Within a few years following the war, the U.S. had switched from martial (war
and war equipment) production, to a booming civilian economy of cars,
refrigerators, homes, radios and eventually televisions. This same process took
well over a decade for the Allies and over 46 years for the “Eastern Block”
countries. With Europe, Asia, the Near East, Middle East, Far East, and Africa
shattered or in turmoil, the U.S.
stepped in to rebuild the globe. It did so in a typically Anglo-Saxon
expression that continued as an extension of English policy.[3]
The idea that there is some kind of Anglo-Saxon racial
superiority is a myth. It is, however, a myth which dies a hard death as heard
in the last lines of Tony Blair’s resignation speech on May 10, 2007. Mr. Blair
stated, “The British are special. The world knows it. In our innermost
thoughts, we know it. This is the greatest nation on earth.” While there is
nothing wrong with patriotism, this is the same kind of rhetoric for which the U.S.
has been criticized during the current Bush administration.
There is no discussion on U.S. domination which does not include
race relations. Race relations in the U.S. have never been amicable. The
discussion on the Anglo-Saxon domination is in no way to be misconstrued as an
endorsement of European racial superiority. The recent Anglo-Saxon cultural,
economic and political domination of the globe is simply historic fact. Over
the past 6000 years of human history, there have been many different ruling
cultures and expressions.
At the dawn of Western history, the known world was ruled by
the Egyptians. They ruled the west far longer than the Anglo-Saxon line has
ruled in recent history. Racism, according to a BBC report broadcast in the
early days of the current decade, goes back to the enlightened Greeks who gave
us the ideals of self-determination and the republic form of government. Others
argue that it first appeared in Spain
between 722, and 1492. In some ways it is a relatively new idea. In other ways
it is simply a form of tribal based discrimination. It can be said that India ’s
cast system has its roots in such tribalism. Even there, however, some argue
that racism has its roots in socioeconomic distinctions. According to
Wikipedia’s article on caste, the word is derived from the Roman casta meaning which can mean lineage or
race. While the racist root of the Indian system of institutional
discrimination is well known, it is ignored for the sake of economic
opportunity and corporations ignore this.
The United
States as a constitutional democratic republic
has existed for 220 years. That is just over one tenth of the span from the
year zero to today. Political, cultural, and racial equality is a relatively
new dynamic to the nation’s landscape. Some members of minorities in the U.S.
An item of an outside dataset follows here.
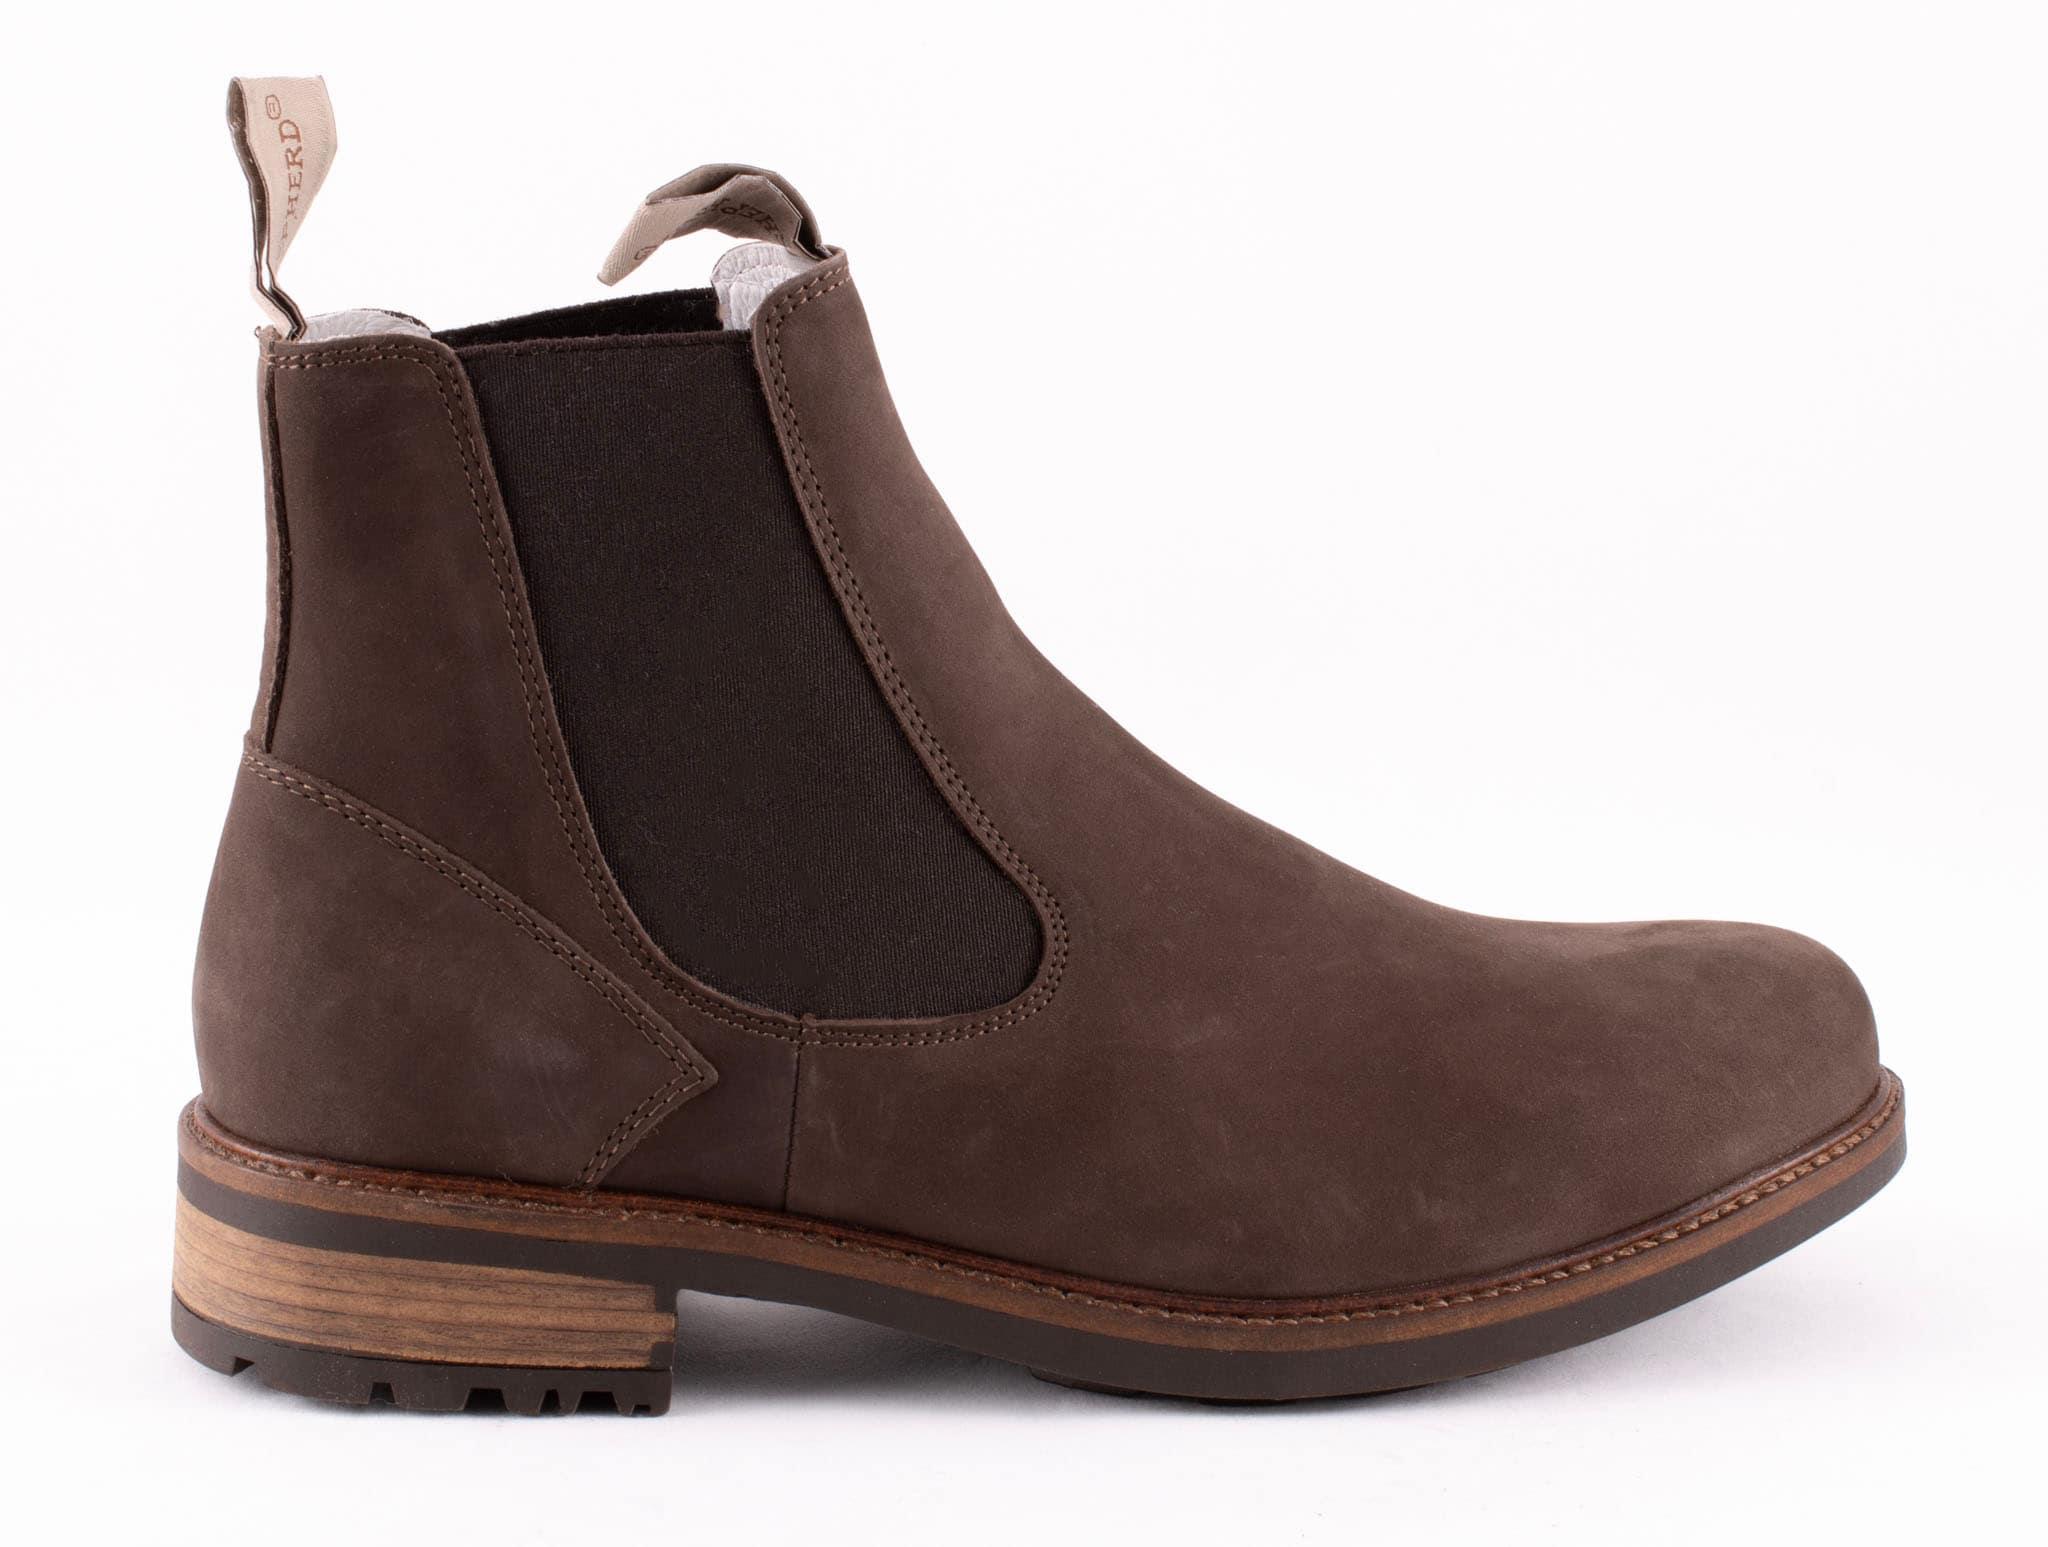 Shepherd Kevin boots

have successfully taken advantage of opportunities made available since 1964.
Yet, others still suffer the stigma, and have grievous resentment of the sting
of past racial oppression. Many minorities still cry in outrage for unwise
racial innuendos.
Racial equality is so new that there is a fear that this
fragile equity will be swept aside as quickly as it was brought in. Some fear
it is already happening. After 100 years of struggle against racial oppression
(1865 to 1965) the gains are still new, and the details and social expression
of equity are still malleable. Any loss of status (perceived or real) could
begin the decay of gains of the last 43 years. Moreover, minorities in the United States
are still disproportionately impoverished as a percentage of the population.
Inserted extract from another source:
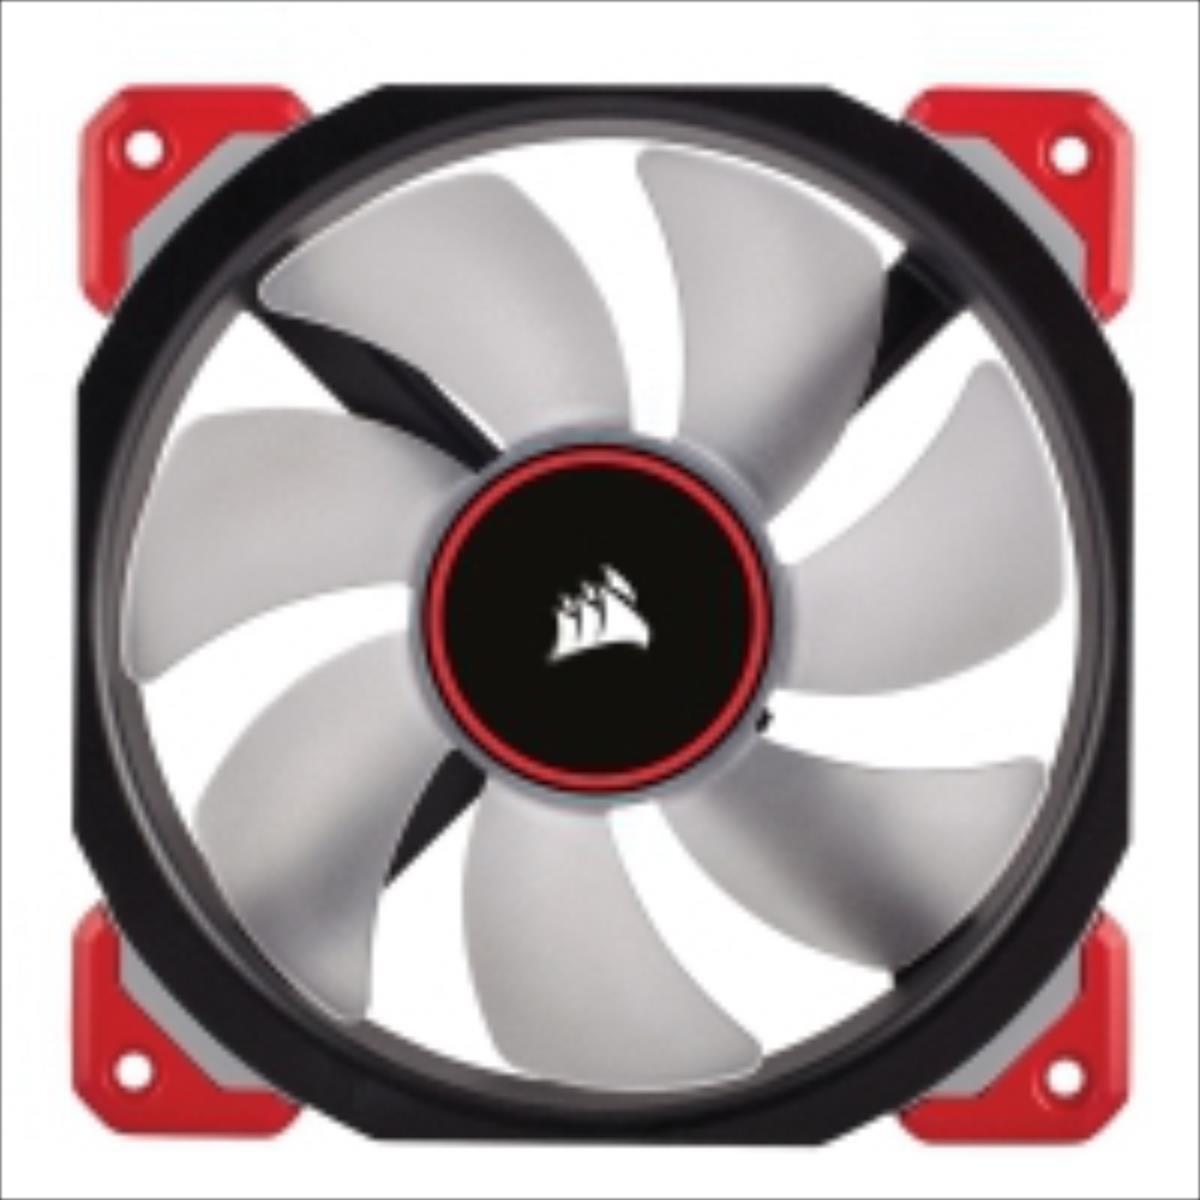 Corsair Air Series ML120 Magnetic Levitation Fan, LED red, 120mm dzesētājs, ventilators

There is no doubt that there is still a lot of room for improvement in the United States
when it comes to full equality and racial acceptance. But, improvements are
being made.
In the science of criminology there is a theory known as
labeling theory. It is used to explain why a mischievous child can grow up to be
a hardened criminal. The constant reinforcement of the child being told he is
“bad,” “stupid” or “lazy” will result in the child taking on those traits as he
enters young adulthood. This is the very reason why it is now socially
unacceptable to use negative racial slurs. However, in society at large,
labeling theory still plays out with negative effect. Every time a challenge is
made that the predominant culture is acting in a discriminatory manner, the
charge gets less and less sympathy.
If a person is chronically accused of being a racist, or is
striving to keep racism in check, they will get to the point that they become
immune to the reprimand. They will respond to the accuser with personal apathy
if not animosity. They will come to accept the label and ignore any social
stigma attached to the label. Once that occurs the accused loses all ability to
exert any type of control to correct the offensive behavior.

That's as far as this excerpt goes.